The introduction of Hooks in React was presented as a revolution, freeing us from the complexity of classes and their lifecycle methods. We willingly accepted the trade-off: cleaner code, less boilerplate.

But in this process, we imposed a set of rules upon ourselves — often not fully grasped — that have effectively rendered entire categories of Design Patterns unused, and in some cases impossible.

We accepted the price of sacrificing classes, a core feature of the language we're using, and this is something I must admit I overlooked, back in the day. Now I'm asking myself how could that happen. The paradox is clear: the world's most popular UI library abruptly failed to support a core language feature, thereby crippling the expressive potential available to engineers. How could the front-end community think this was a good idea, from an architectural standpoint?

By the way, this is not a debate about "classes vs functions": it is a warning about what we lost at a structural level.

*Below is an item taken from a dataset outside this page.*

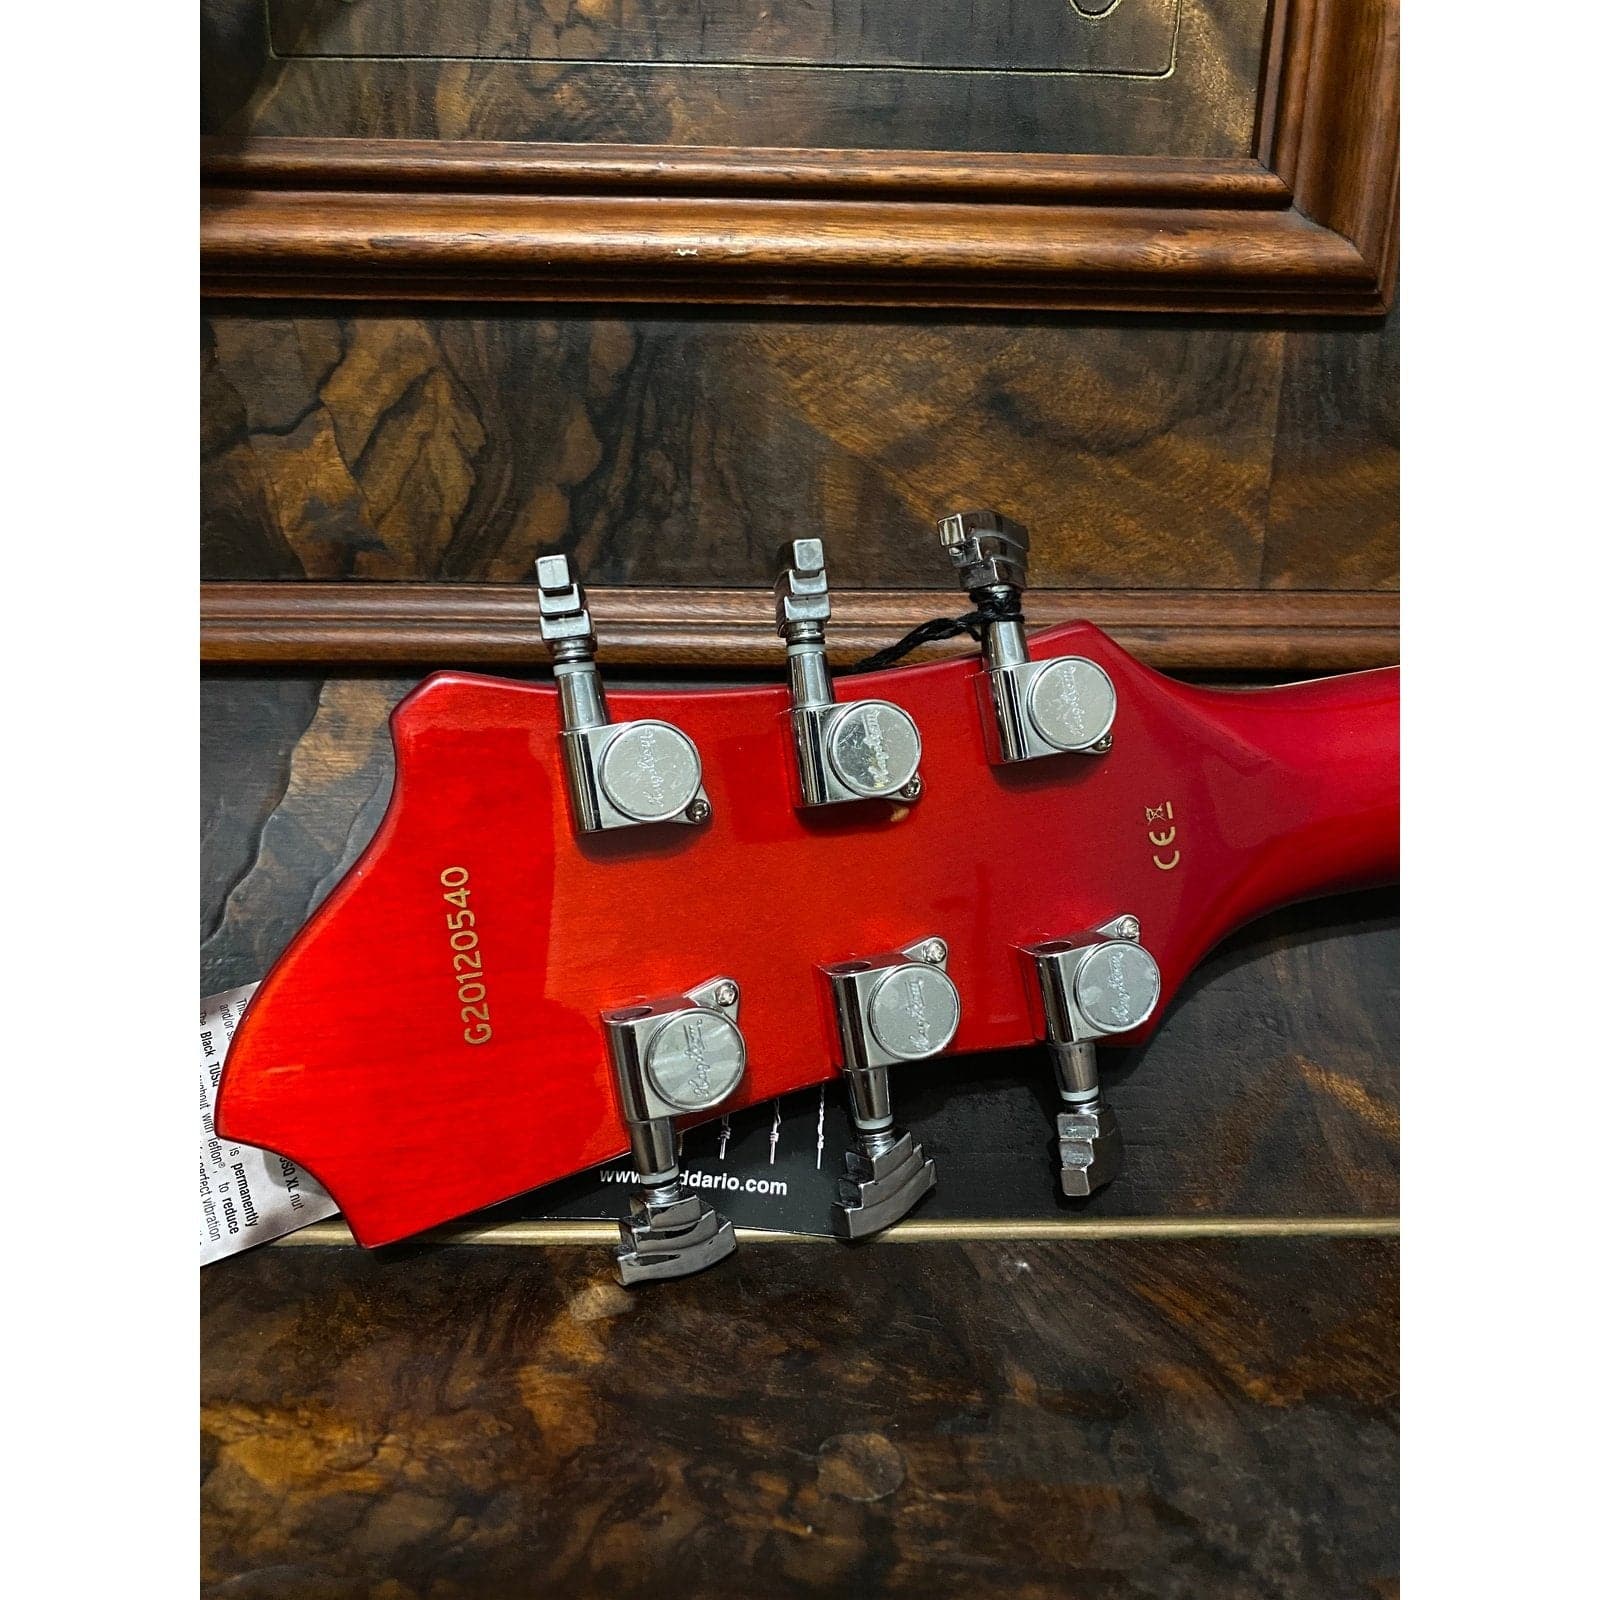 Hagstrom Alvar Semi-Hollow Guitar in Wild Cherry Transparent Gloss

The Great JavaScript Class Omission: The Contamination of Logic

The transition from Class Components to Hooks felt like salvation. It solved undeniable problems with boilerplate and the complexity of the this context. However, this apparent rescue came with a fatal flaw: the total contamination of business logic by UI-specific APIs.

We accepted the marginalization of Classes because React needed to optimize for a single, critical task: predictable UI rendering. The problem wasn't the complexity of the Class lifecycle, but React’s own inability to manage its internal state persistence across functional component instances without strict rules.

Instead of providing a robust, clear architectural boundary between pure JavaScript logic and React's rendering engine, the library introduced Hooks, actually saying:

"We cannot manage state reliably in functions unless you use our proprietary APIs (useState, useEffect...) and adhere to our strict, non-negotiable rules (the Order Invariance)."

This was a mistake:

1. The API Pervasion: Every piece of logic that needs internal state or side effects must now import and consume the React API. A simple authentication flow or a complex payment strategy is no longer a pure POCO (Plain Old Class Object); it is a Hook, or a Context, intrinsically tied to the lifecycle of the component that calls it.
2. The Testing Crisis: This contamination made unit testing of business logic cumbersome. Instead of testing a pure method (manager.login()), we are forced to simulate the entire React rendering environment, using tools like act or waitForNextUpdate, just to verify that a state change occurs. The business domain is no longer independent.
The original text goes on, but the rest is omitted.